[[ The input open ]]

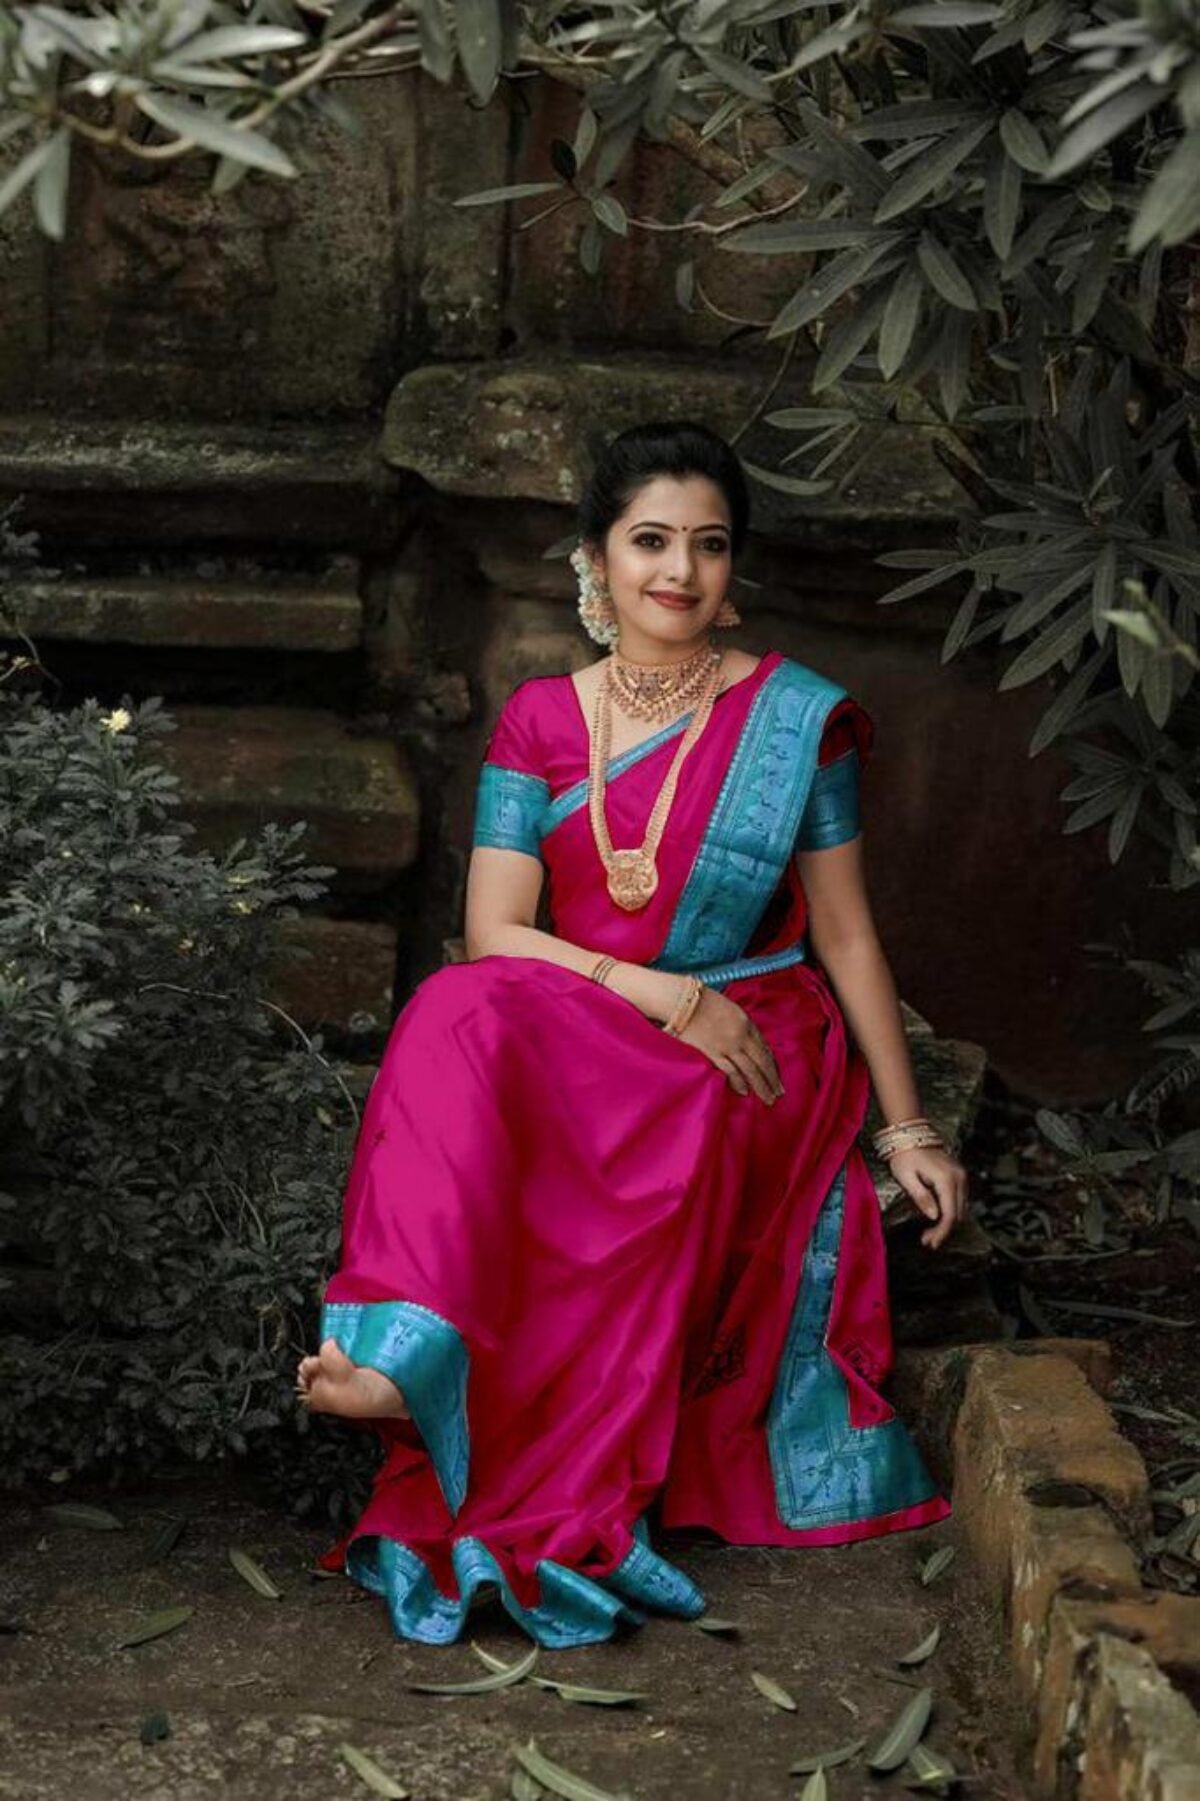 Marathi look | nauvari saree | pose | Marathi jewellery | Marathi wedding |  Bride poses, Bridal portrait poses, Indian bride poses
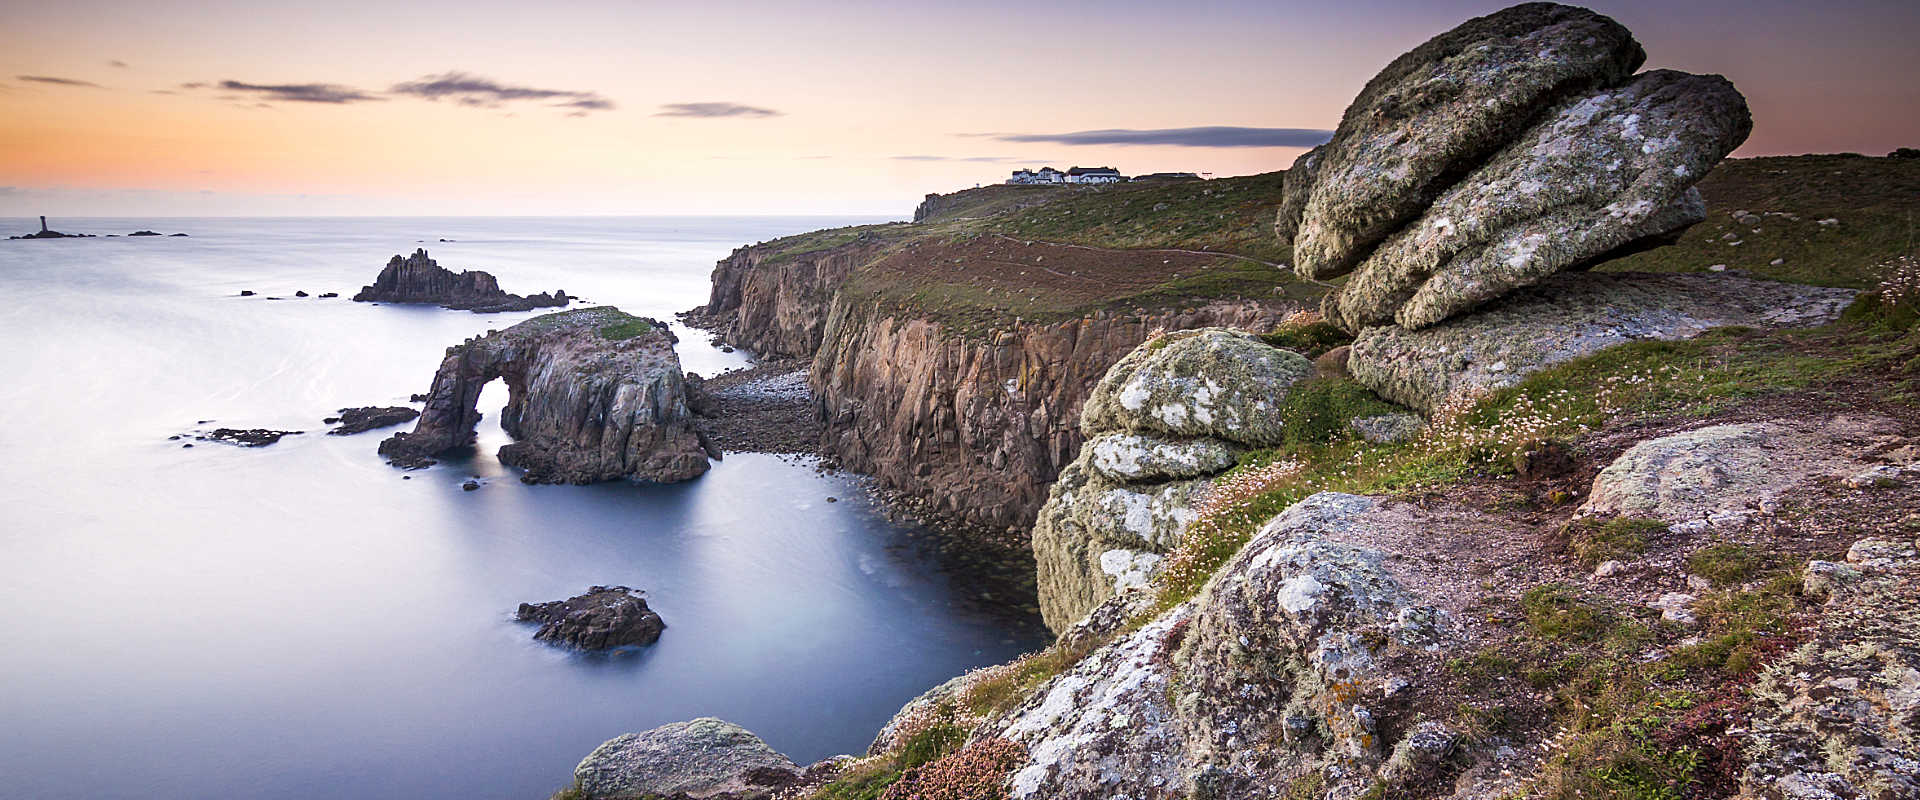 Fotoreise Cornwall - schöne Orte fotografieren
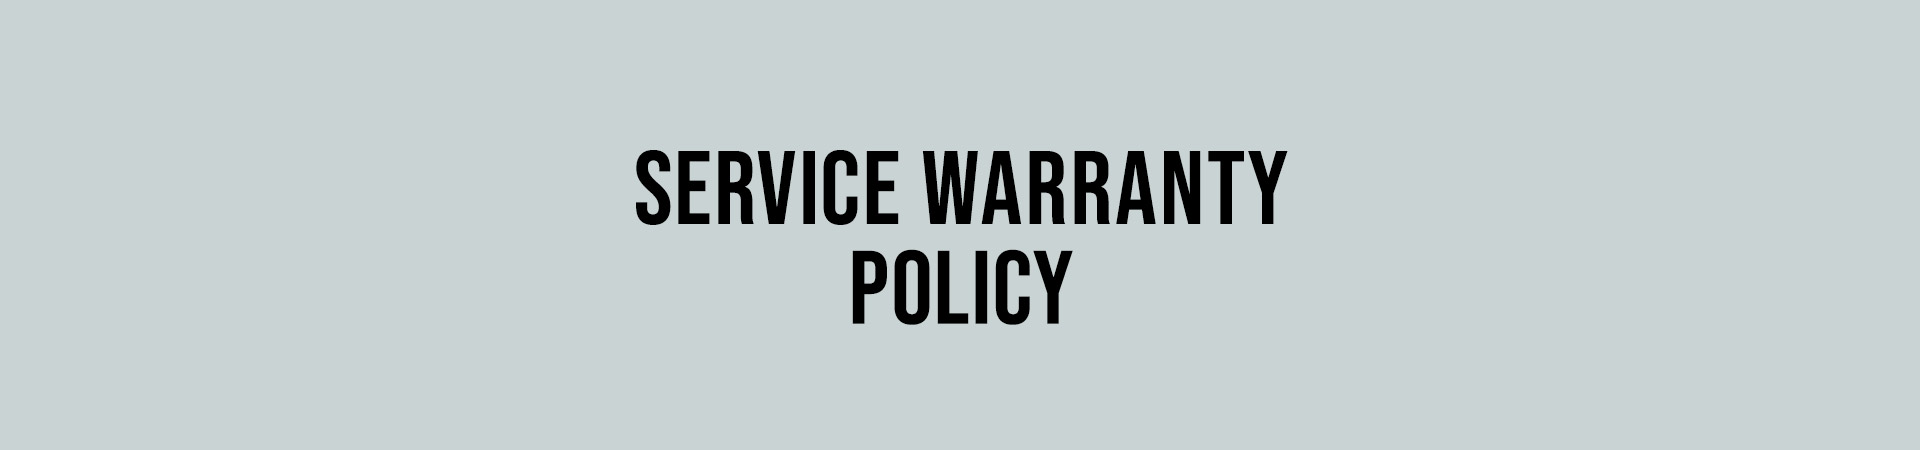 service warranty policy
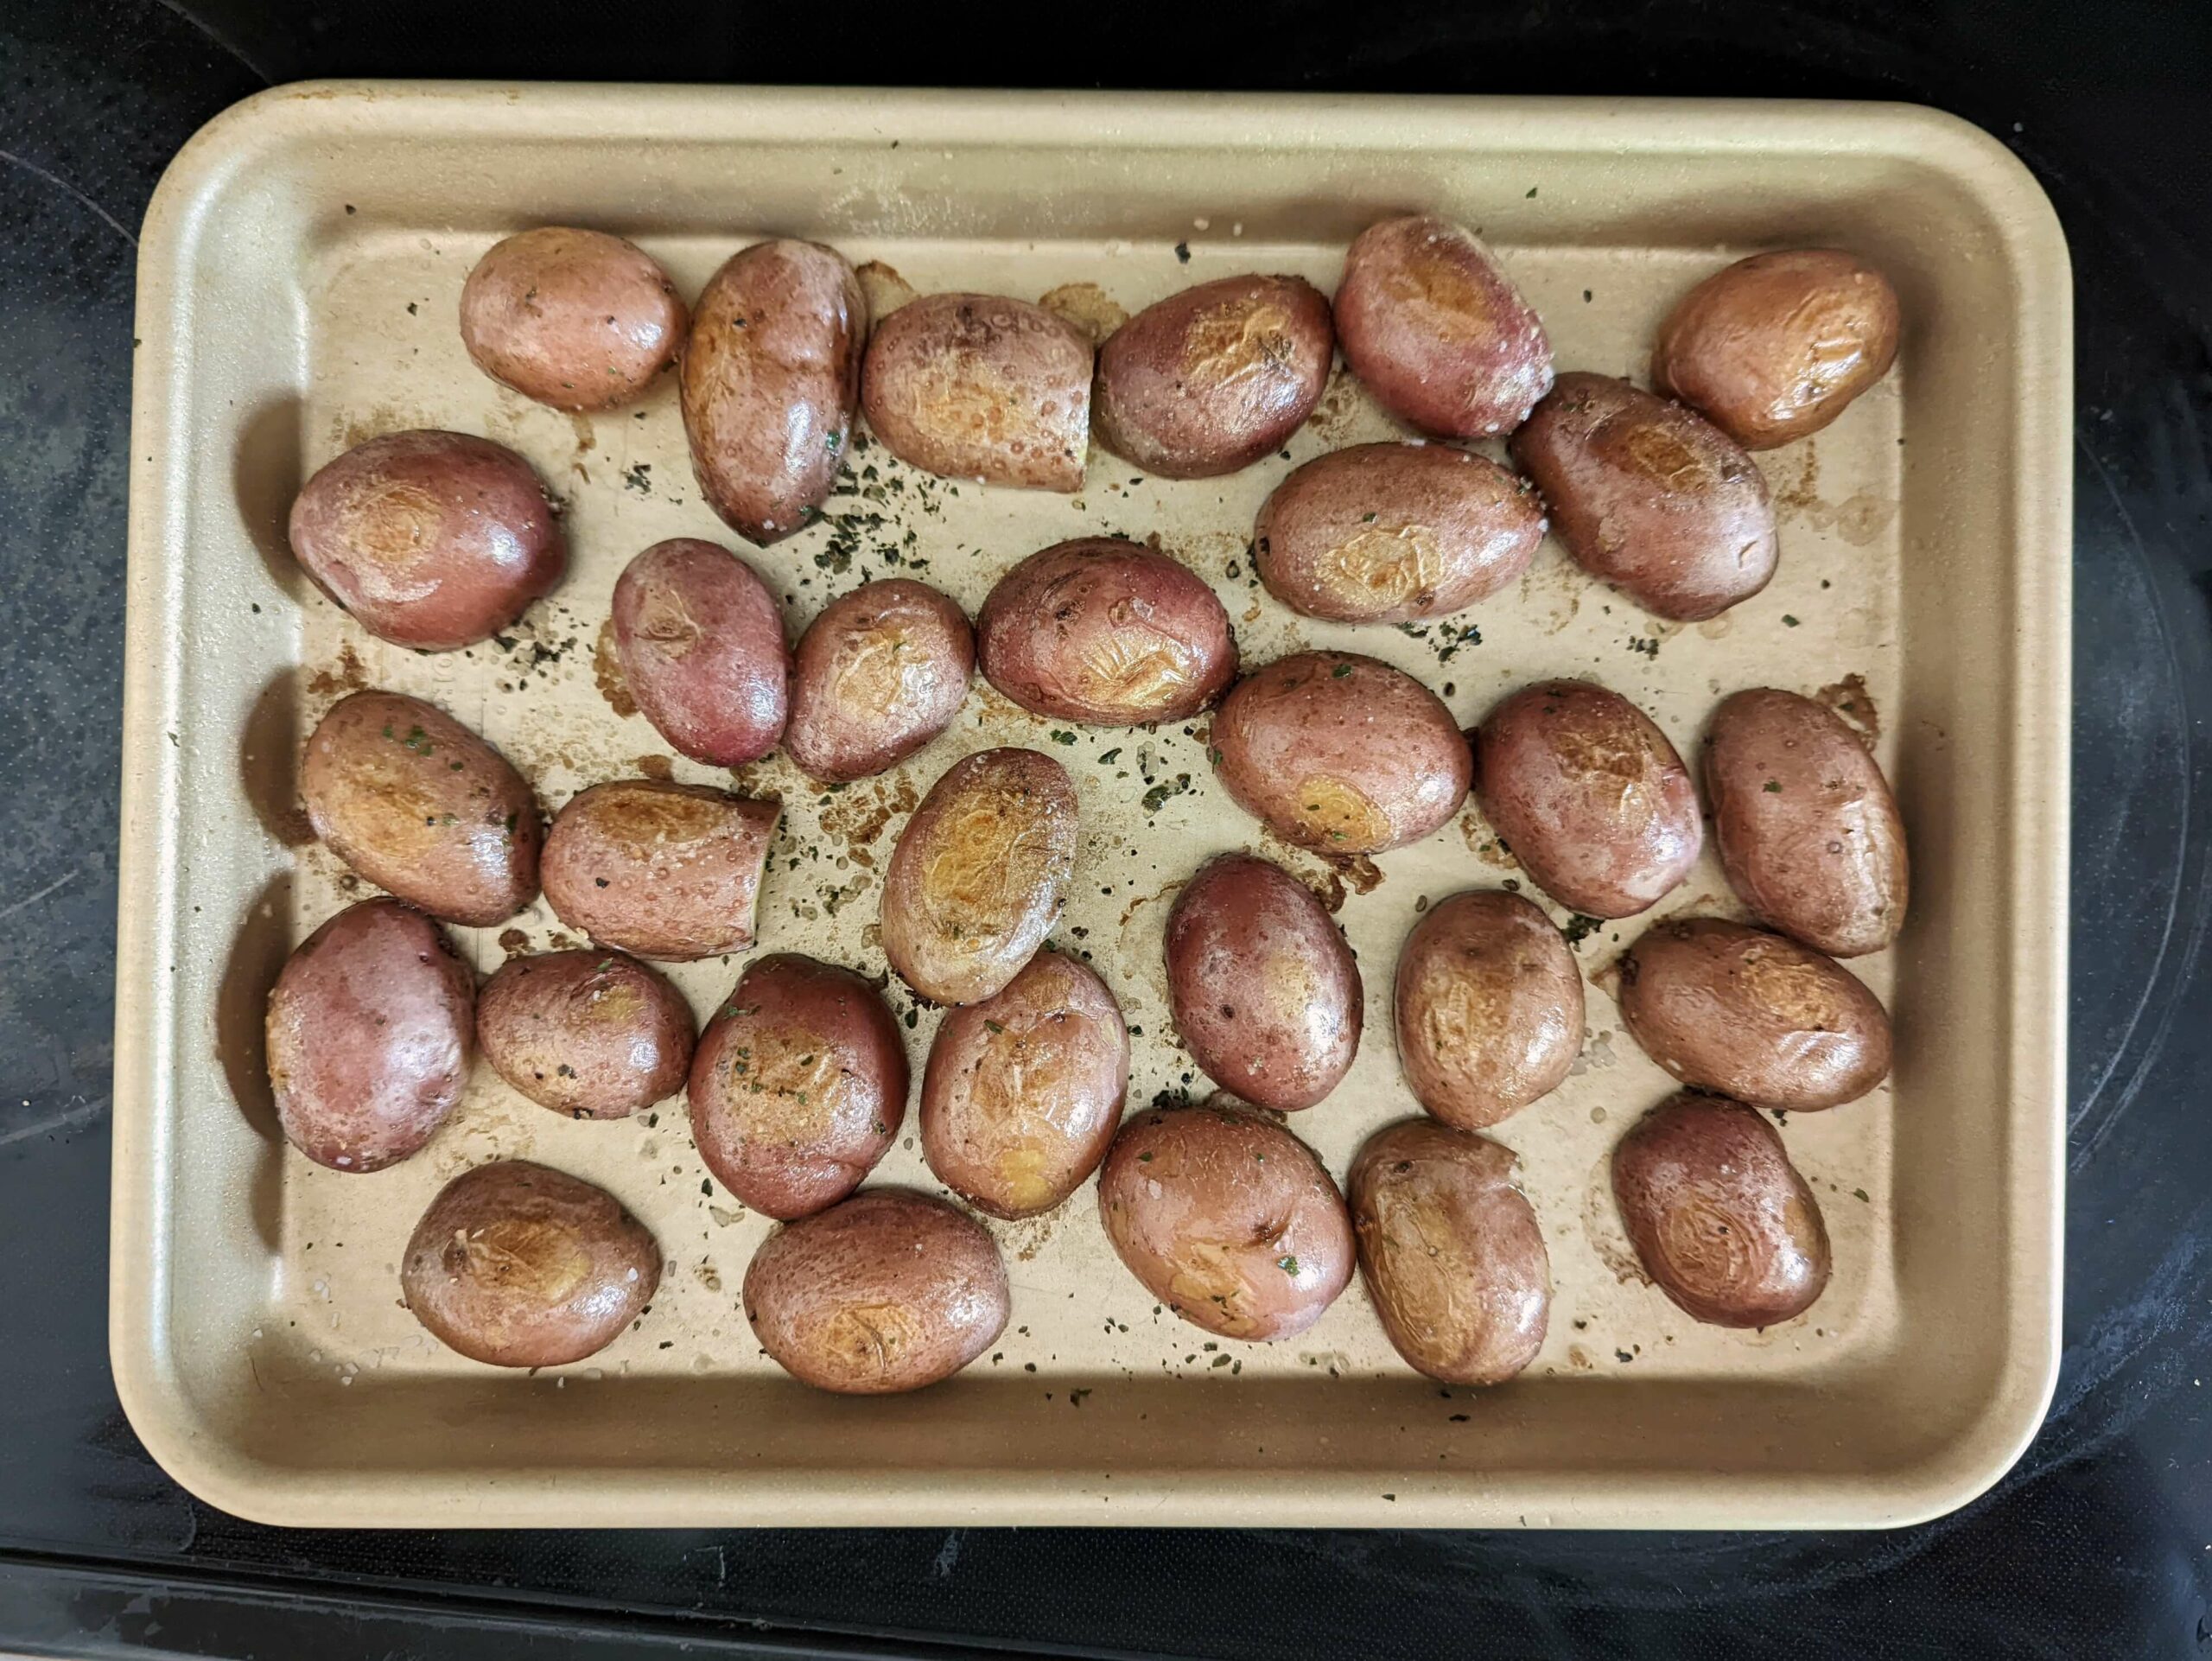 Yukon gold potatoes on a rimmed baking sheet.
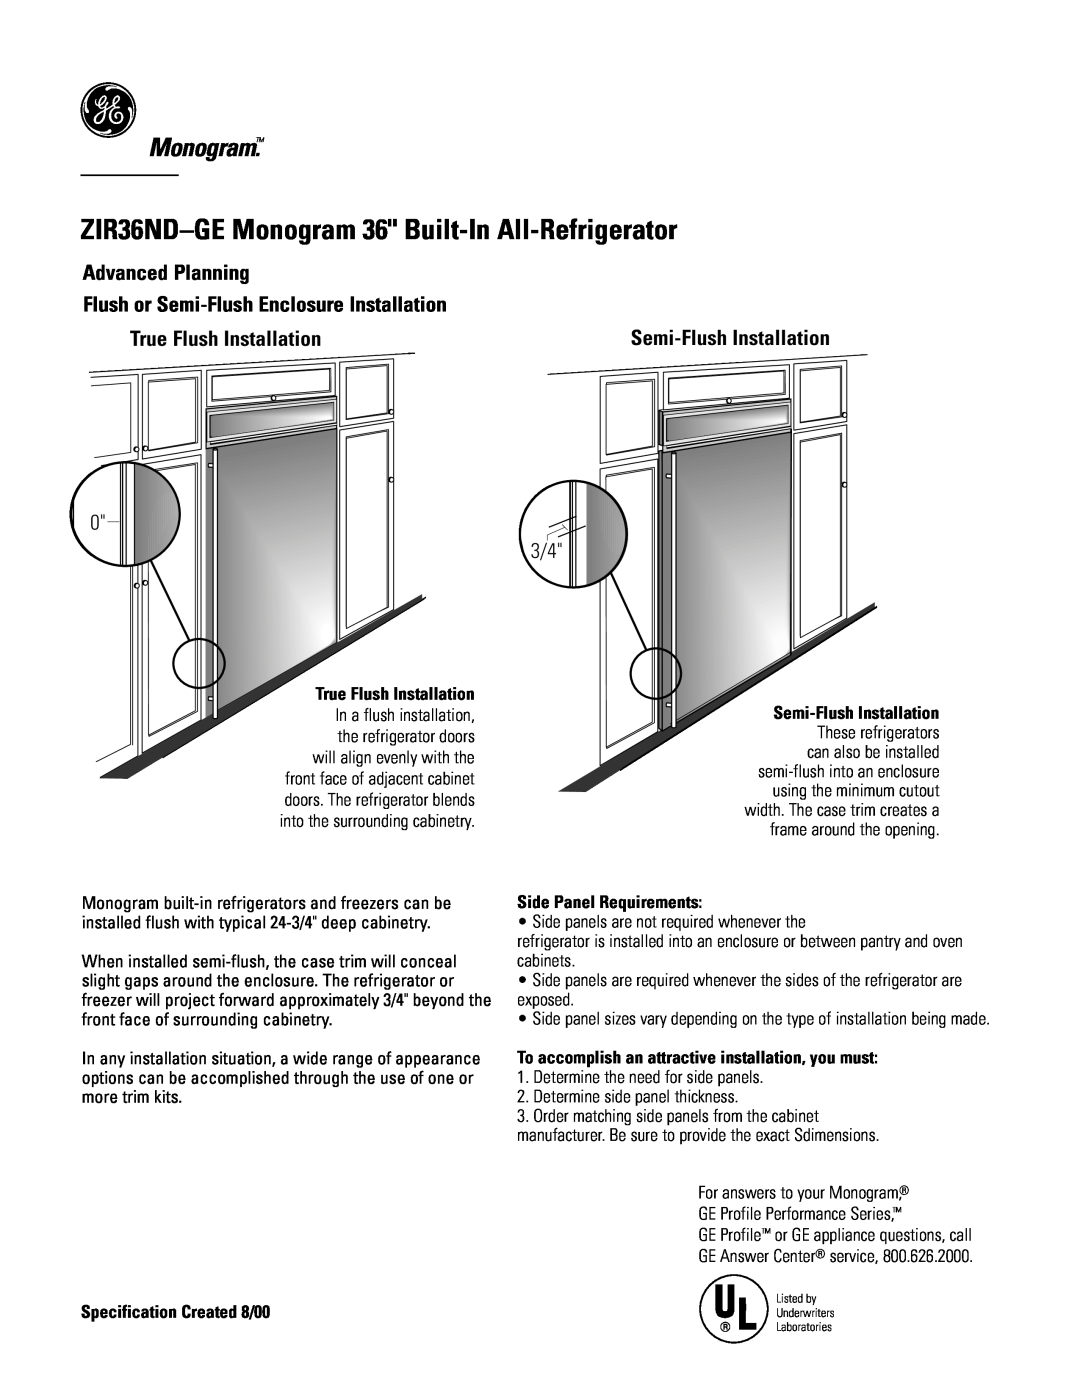 GE Monogram ZIR36NDGE ZIR36ND-GEMonogram 36 Built-In All-Refrigerator, Advanced Planning, True Flush Installation

[[ The input closed ]]

• The problem
Once more, please print all the lines above exactly, without their pictures.

• Exercise response
 Marathi look | nauvari saree | pose | Marathi jewellery | Marathi wedding |  Bride poses, Bridal portrait poses, Indian bride poses
 Fotoreise Cornwall - schöne Orte fotografieren
 service warranty policy
 Yukon gold potatoes on a rimmed baking sheet.
 GE Monogram ZIR36NDGE ZIR36ND-GEMonogram 36 Built-In All-Refrigerator, Advanced Planning, True Flush Installation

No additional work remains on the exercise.